June 23, 1967: Ryan again, at Bakersfield, California, 3:51.1.
May 17, 1975: Filbert Bayi, Tanzania, at Kingston, Jamaica, 3:51.0.
August 12, 1975: John Walker, New Zealand, at Göteborg, Sweden, 3:49.4.
July 17, 1979: Sebastian Coe, England, at Oslo, Norway, 3:48.95. It was now possible to record the time to the nearest 1/100th of a second.
July 1, 1980: Steve Ovett, England, also at Oslo, 3:48.80.
August 19, 1981: Coe again, at Zürich, Switzerland, 3:48.53.
August 26, 1981: Ovett again, at Koblenz, Germany, 3:48.40.
August 28, 1981: Coe again, the 3rd new record in 9 days, at Brussels, Belgium, 3:47.33.
July 27, 1985: Steve Cram, England, at Oslo, 3:46.32.
September 5, 1993: Noureddine Morceli, Algeria, at Rieti, Italy, 3:44.39.
July 7, 1999: Hicham El Guerrouj, Morocco, at Rome, Italy, 3:43.13. (UPDATE: As of May 6, 2022, this record still stands.)
On June 1, 1957, Don Bowden became the 1st American to run a mile in under 4 minutes, going 3:58.7 in Stockton, California.
On February 10, 1962, Jim Beatty, a New Yorker running in the Los Angeles Invitational at the Los Angeles Memorial Sports Arena, became the 1st person to run a mile in under 4 minutes indoors: 3:58.9. It was broadcast live on ABC Wide World of Sports, and it was considered a big coup for ABC Sports, as well as for Beatty.

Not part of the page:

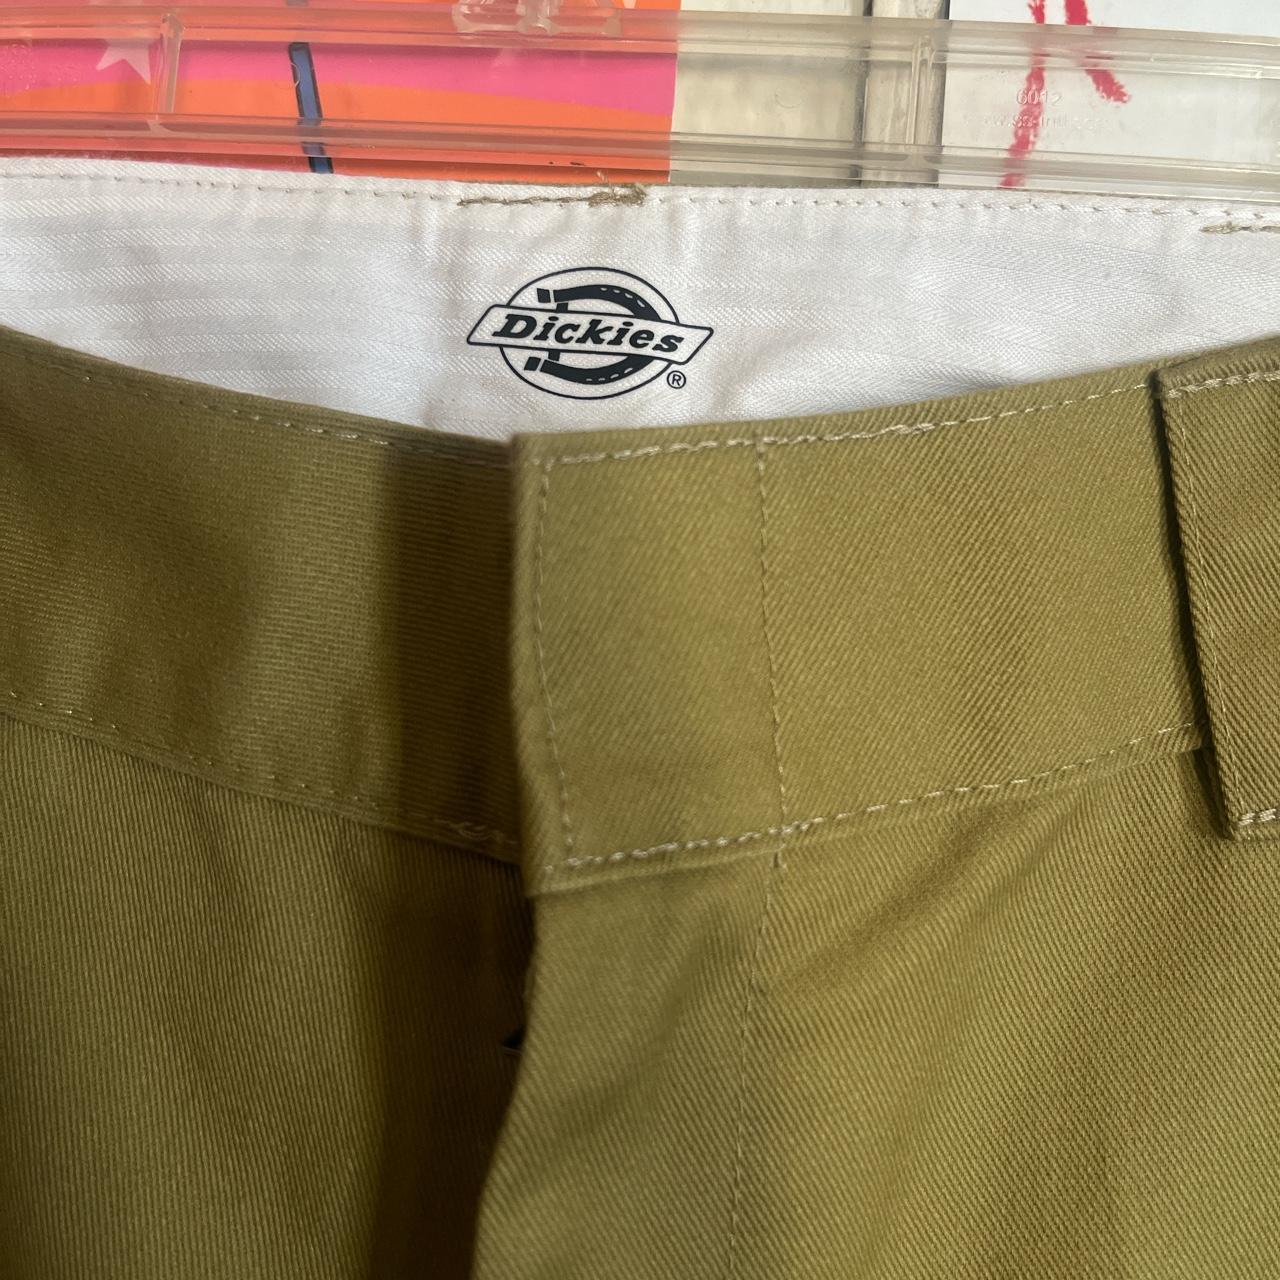 Dickies women's regular fit cropped pants with a raw - Depop

The women's record in the mile currently stands at 4:12.56, set by Svetlana Masterkova of Russia, at Zürich on August 14, 1996. It has stood for over 21 years, longer than even the men's record.
The Empire Stadium in Vancouver has since been demolished. The Bannister-Landy statue now stands at the Pacific National Exhibition, which includes the Pacific Coliseum, the former home of the NHL's Vancouver Canucks.
The Iffley Road stadium at Oxford, which opened in 1876, is still in use. But after the Taylor Report, and its recommendations for English sports facilities in the wake of the 1989 Hillsborough Stadium Disaster, its seating capacity was reduced to 499. At 500 or over, it would have been too expensive to maintain. The track is now named the Roger Bannister Track, and has long since been upgraded from cinder to rubber.
Three minutes, fifty-nine point four seconds.
Andy Warhol once said, "In the future, everyone will be famous for 15 minutes." Roger Bannister was famous for less than that, or so it seemed. But those 4 minutes, minus 6/10ths of a second, made him a legend forevermore.
Of course, to paraphrase Dr. Archibald "Moonlight" Graham, the brief Major League Baseball player turned small-town physician in the novel Shoeless Joe and its film version Field of Dreams, If Roger Bannister had only gotten to be a doctor for 4 minutes, now that would have been a tragedy.
UPDATE: Dr. Sir Roger Bannister was buried at Wolvercote Cemetery in Oxford.